(Collected data)

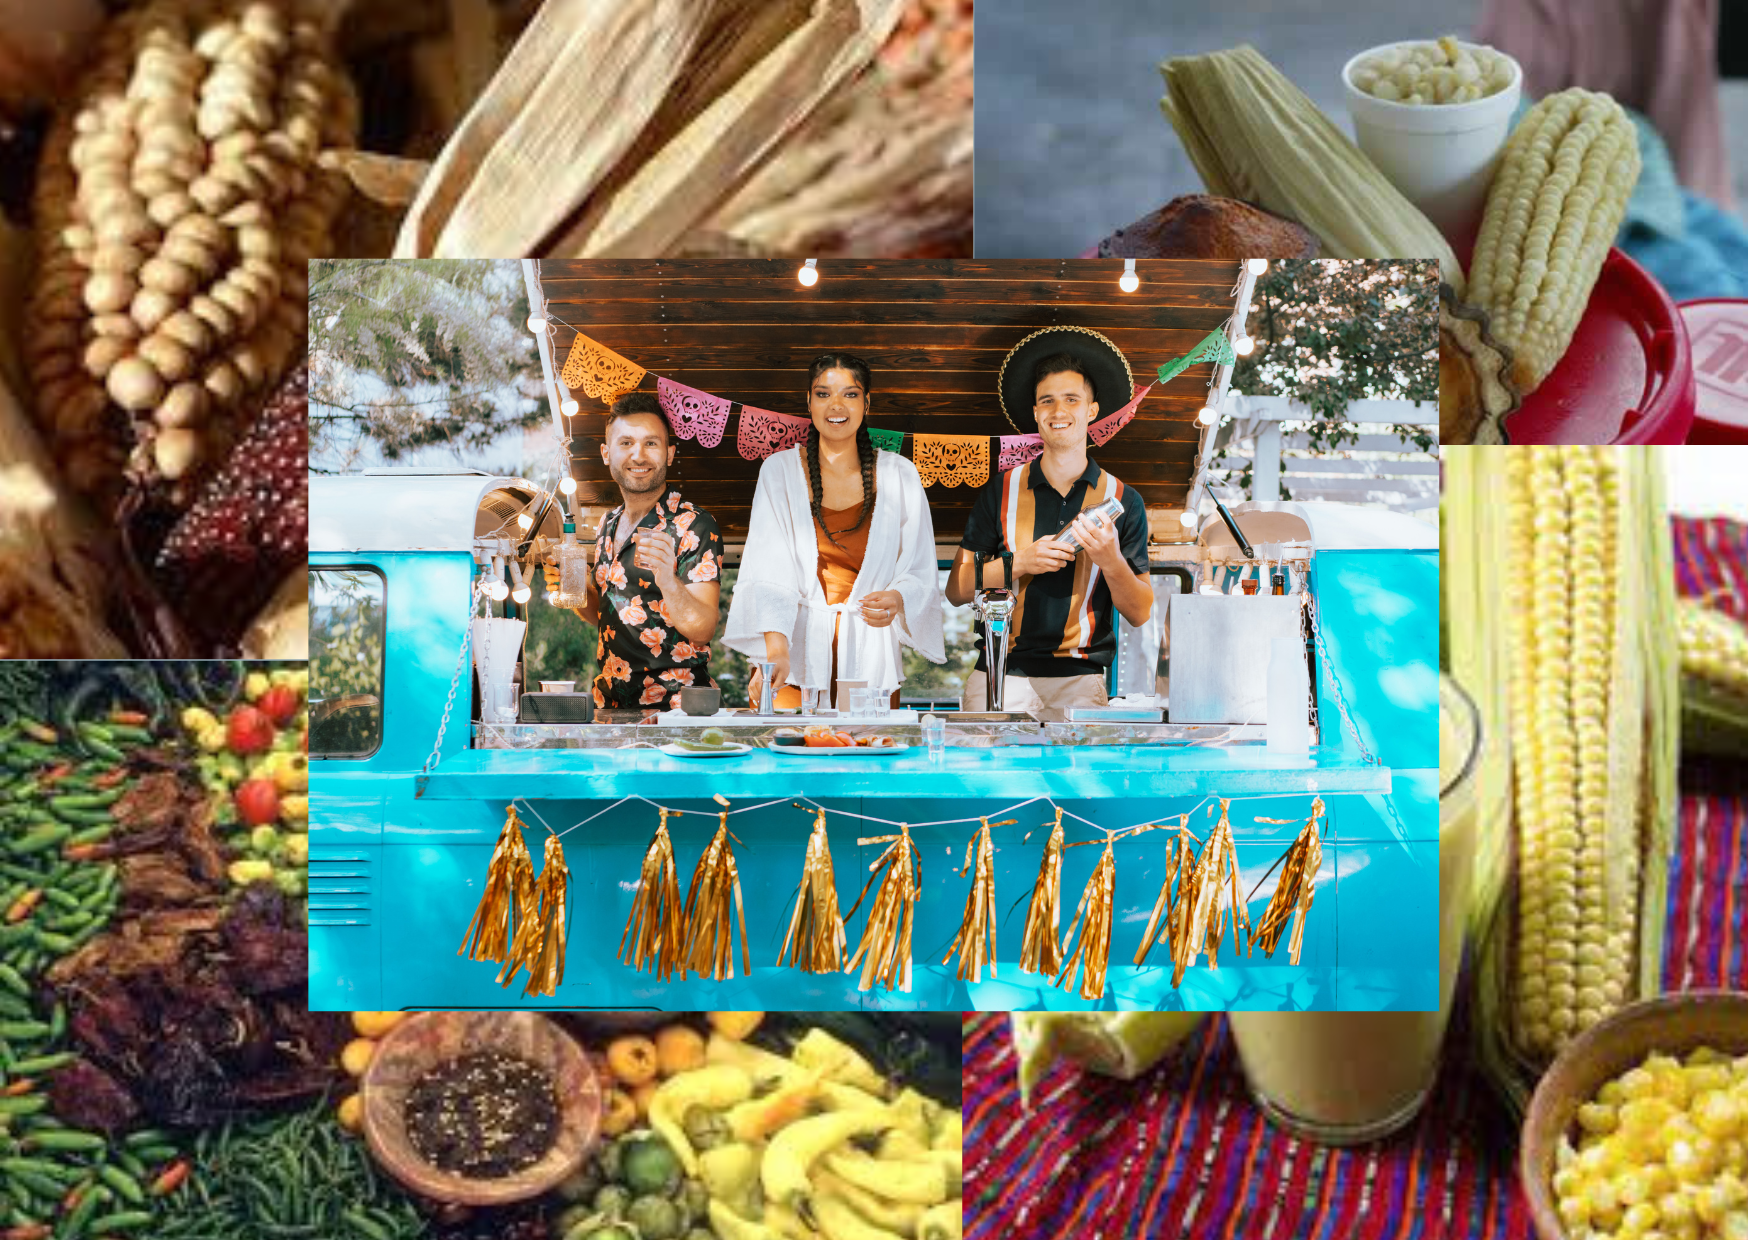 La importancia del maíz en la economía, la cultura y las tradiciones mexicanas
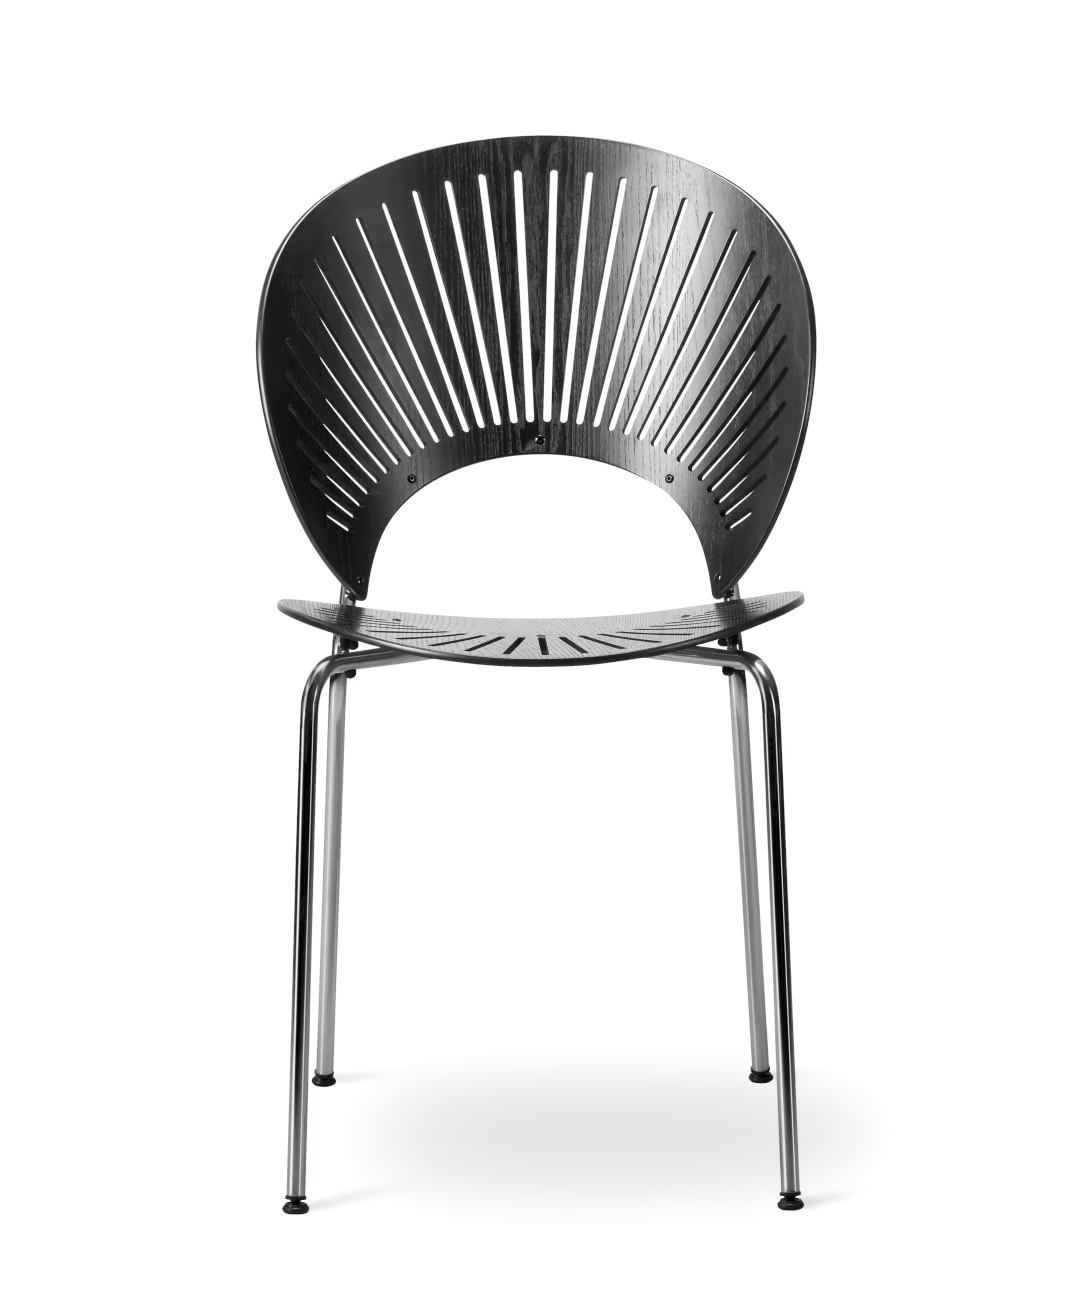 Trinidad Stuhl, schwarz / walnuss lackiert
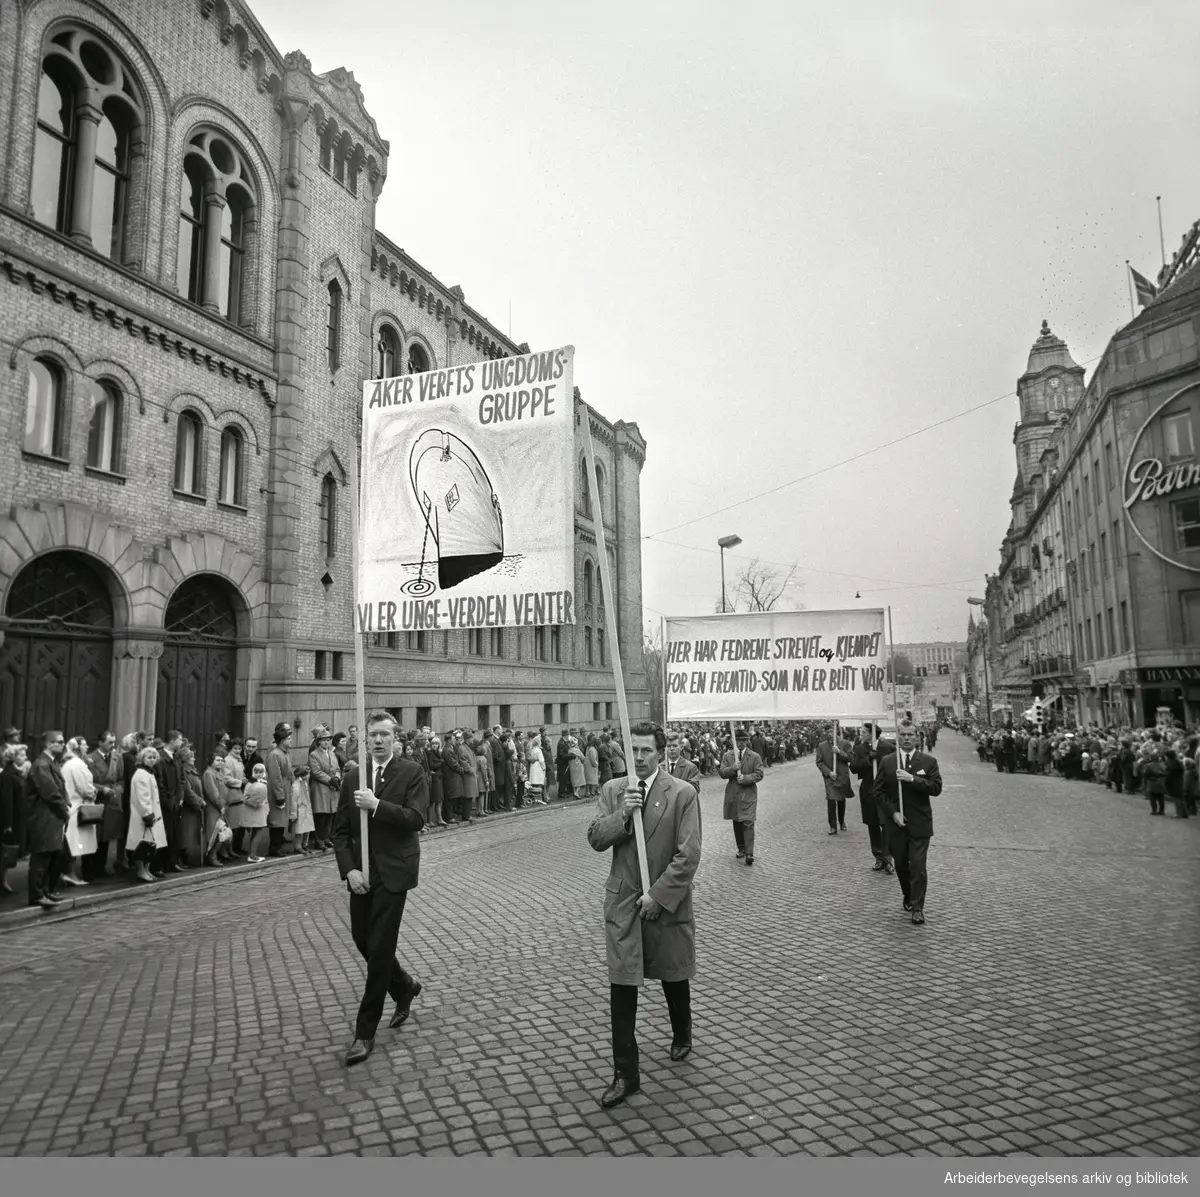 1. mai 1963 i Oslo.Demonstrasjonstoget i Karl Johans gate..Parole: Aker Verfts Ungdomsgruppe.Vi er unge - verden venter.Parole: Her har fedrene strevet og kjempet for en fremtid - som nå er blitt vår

(End Collected data)

Quote the full listing above word for word; exclude every picture from the copy.

 La importancia del maíz en la economía, la cultura y las tradiciones mexicanas
 Trinidad Stuhl, schwarz / walnuss lackiert
 1. mai 1963 i Oslo.Demonstrasjonstoget i Karl Johans gate..Parole: Aker Verfts Ungdomsgruppe.Vi er unge - verden venter.Parole: Her har fedrene strevet og kjempet for en fremtid - som nå er blitt vår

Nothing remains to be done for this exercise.